Making the dough was tricky for me because as most of you know, I do not own a stand mixer. Now, you don’t necessarily need one but this process will be eons easier if you have one. I tried to use my trusty old  hand mixer for this, and ended up messing up one of the functions. I’m not ready for my only mixer to kick the bucket, so I proceeded with the rest of the recipe by hand. It takes a bit longer but it does come together.
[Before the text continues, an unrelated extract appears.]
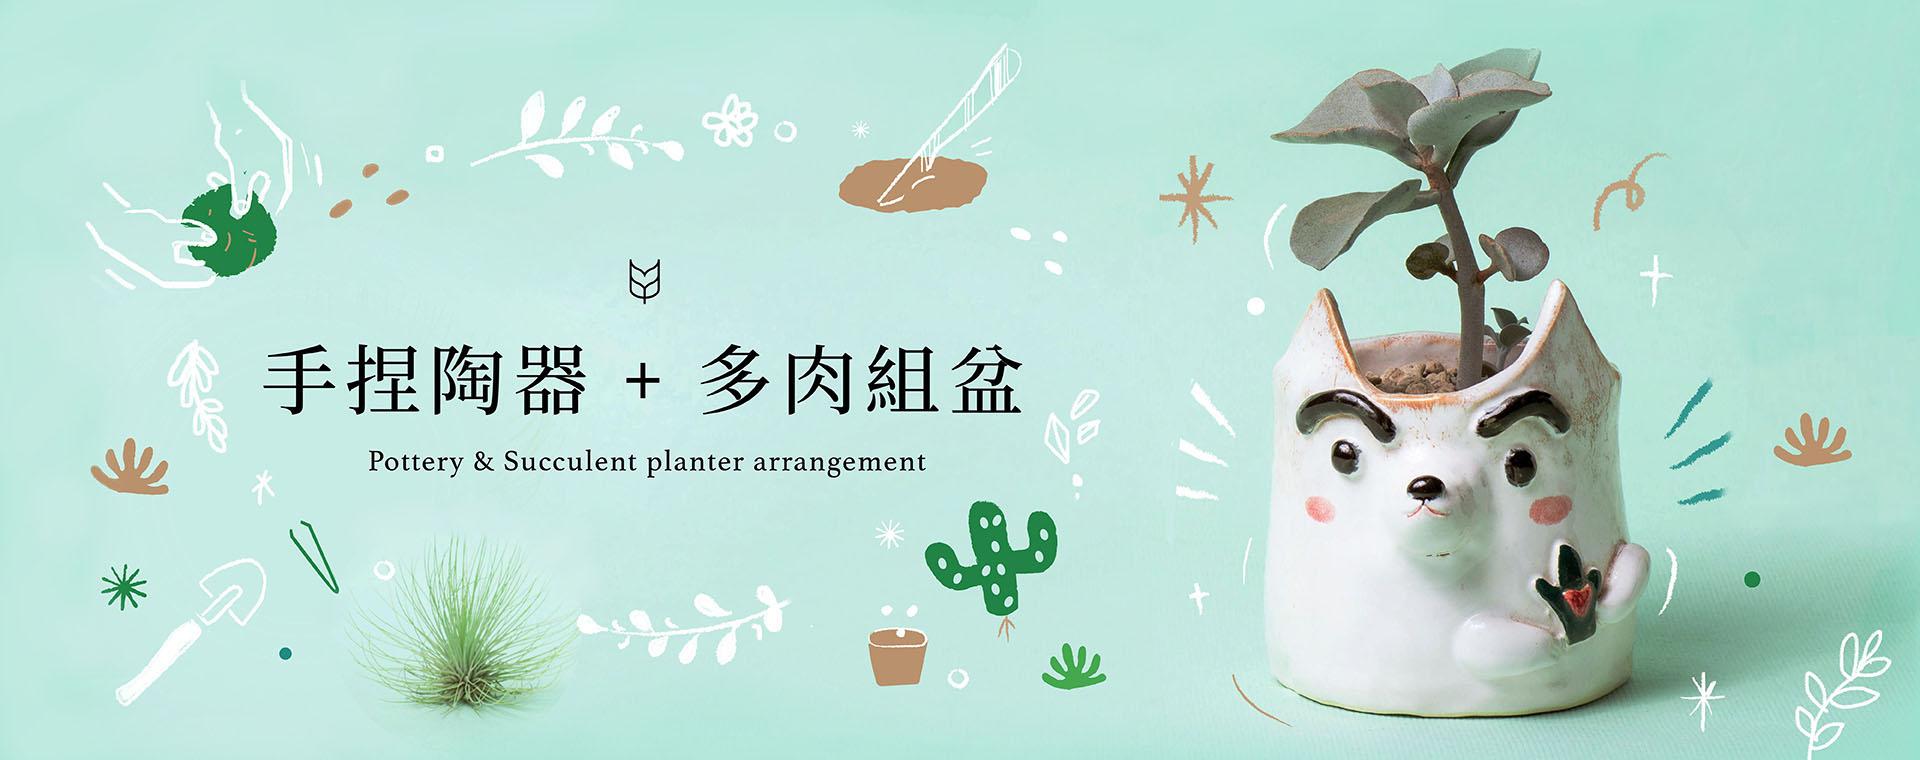 [ 陶藝課程 ]手捏陶器 & 多肉植栽 banner 官網

My sister and I had fun decorating and eating these cookies. Even though we may not be artistically inclined, we had a blast channelling our inner Picasso. The cookies definitely held their shape when baking, and were exactly as described; crisp and tender. Even when iced with royal icing, the cookies weren’t overwhelmingly sweet. I baked off half the batch, and am already looking forward to baking off the rest in the coming weeks.
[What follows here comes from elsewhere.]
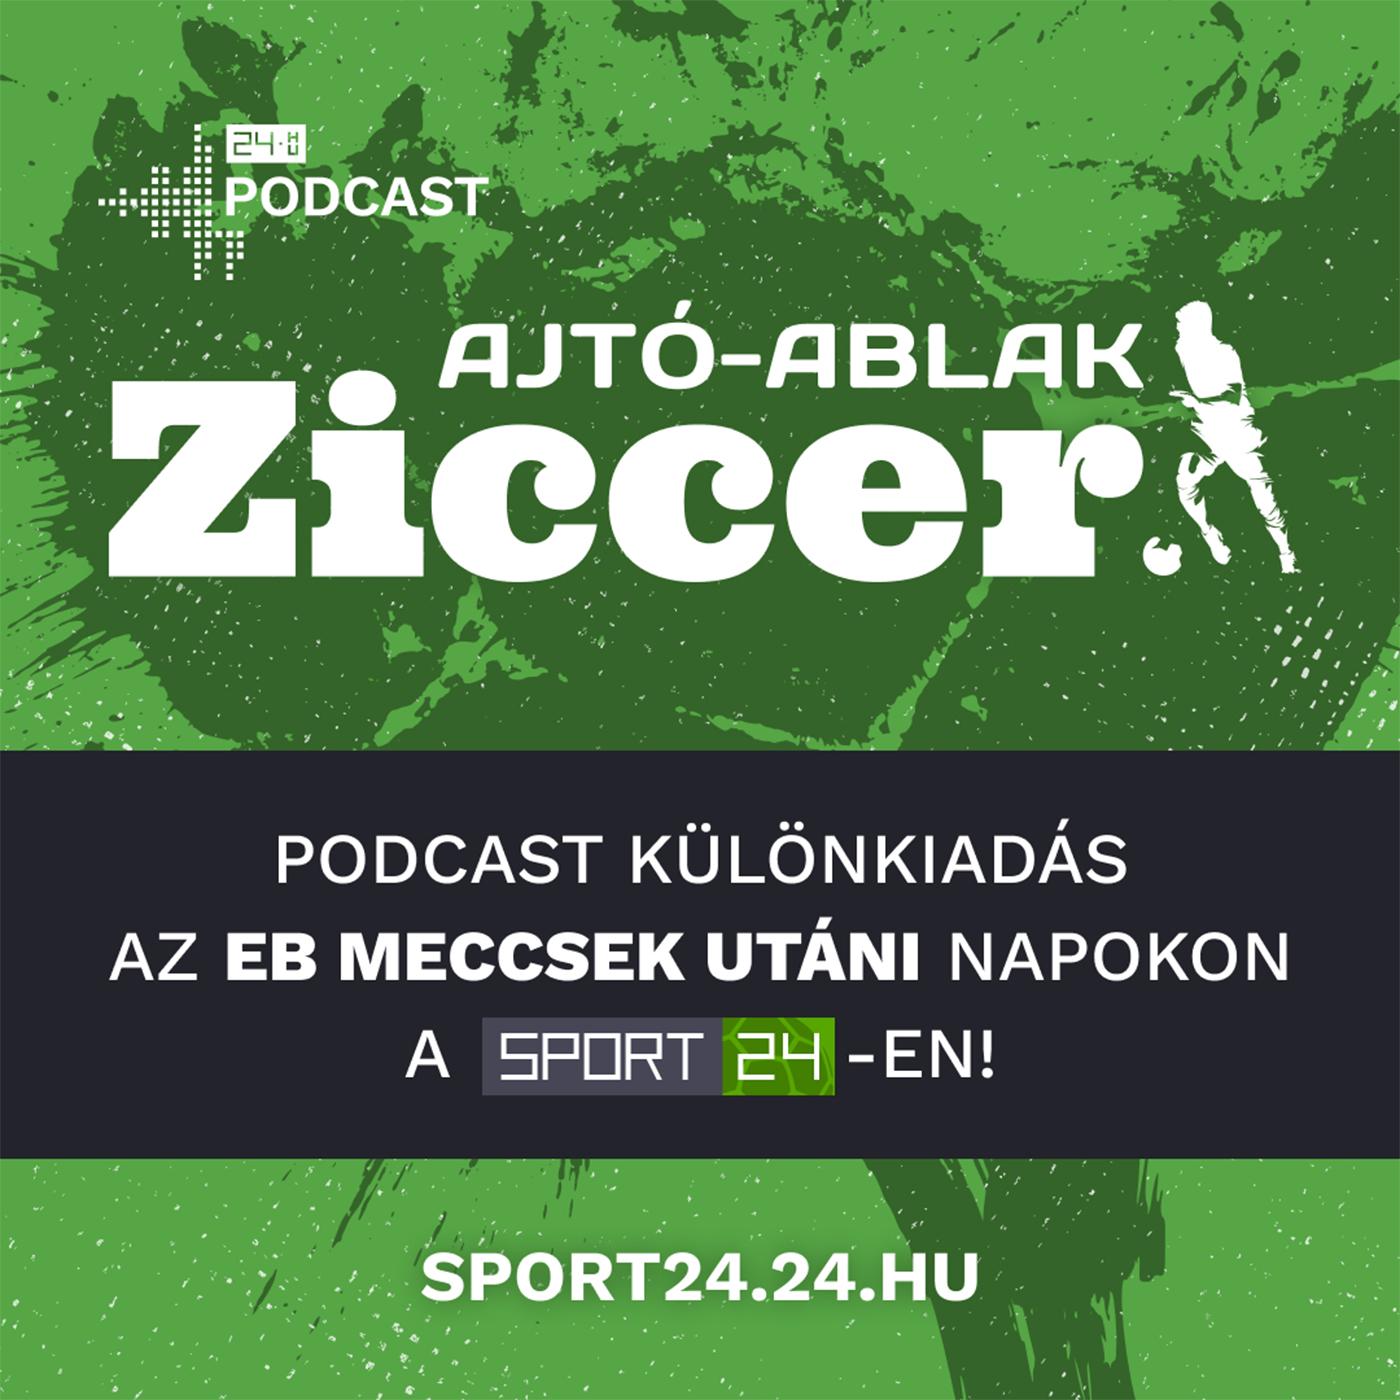 Extra Ziccer a Sport24-en! - És akkor lecsapott az olasz Cseri Tamás!

Ultimate Sugar Cookies – slightly adapted from Bon Appétit

Makes 2-3 dozen, depending on size

  • ¾ teaspoon kosher salt
  • ½ teaspoon baking powder
  • 3 cups all-purpose flour, plus
  • more for rolling
  • 1¼ cups (2½ sticks) chilled, unsalted butter, cut into ½” pieces
  • 1 cup sugar
  • 1 large egg
  • 1 large egg yolk
  • 1 teaspoon vanilla extract
  • 2 teaspoons lemon zest (optional)


  1. Place racks in lower and upper thirds of oven; preheat to 325°. Whisk salt, baking powder, and 3 cups flour in a small bowl.
  2. Using an electric mixer on high speed, beat butter and sugar until well combined (butter does not need to be fluffy), about 3 minutes. Alternatively, you can whisk the butter and sugar with a whisk. Add egg, egg yolk, and vanilla; beat just to combine. Reduce speed to low, or switch to wooden spoon or rubber spatula, and gradually add dry ingredients; mix just to combine. Form dough into two ¾”-thick disks; wrap in plastic. Chill at least 2 hours.
  3. Let 1 disk of dough sit at room temperature until softened slightly, about 5 minutes. Roll out on a lightly floured sheet of parchment paper until about ¼” thick, dusting with flour as needed (if dough gets soft or sticky, chill on parchment until firm). Cut out shapes with floured cookie cutters; transfer to parchment-lined baking sheets. Pop your cut outs in the fridge between batches, so cookies won’t spread when baked.
  4. Bake cookies, rotating baking sheets (switch sheets from top to bottom racks, and rotate 180 degrees) halfway through, until edges are golden, 12–16 minutes, depending on size.
  5. Transfer to wire racks and let cool. Repeat with scraps and remaining dough. Decorate cooled cookies as desired.

Royal Icing – adapted from Bon Appétit

Makes about 2 cups

  • 3 1/4 cups (or more) powdered sugar, sifted
  • 2 large egg whites
  • 1 teaspoon strained fresh lemon juice
  • Assorted food colorings (optional)


  1. Using electric mixer, beat 3 1/4 cups powdered sugar and egg whites until thick and shiny, adding more powdered sugar by tablespoonfuls if mixture is too thin to spread, about 3 minutes. Add lemon juice.
  2. Divide icing into portions, if desired, and add different food coloring to each. Cover until ready to use.

Lucy’s Tips:

  • I added about two teaspoons of lemon zest to my dough, for added freshness. The taste is subtle and brightens up the cookies. It’s totally optional but if you want more of a lemon punch, add in a couple teaspoons of freshly squeezed lemon juice along with the zest.
  • When cutting the cookies out, it’s important to keep the dough cold or they’ll spread out. If you’re waiting to put in two complete trays in the oven at the same time, put your cut outs in the fridge until ready to bake. I learned this one the hard way.
  • If your dough gets too soft when rolling and cutting, pop it in the freezer for a couple of minutes for a quick chill.
  • For the icing, make sure it’s not too thin or it’ll run off your cookies.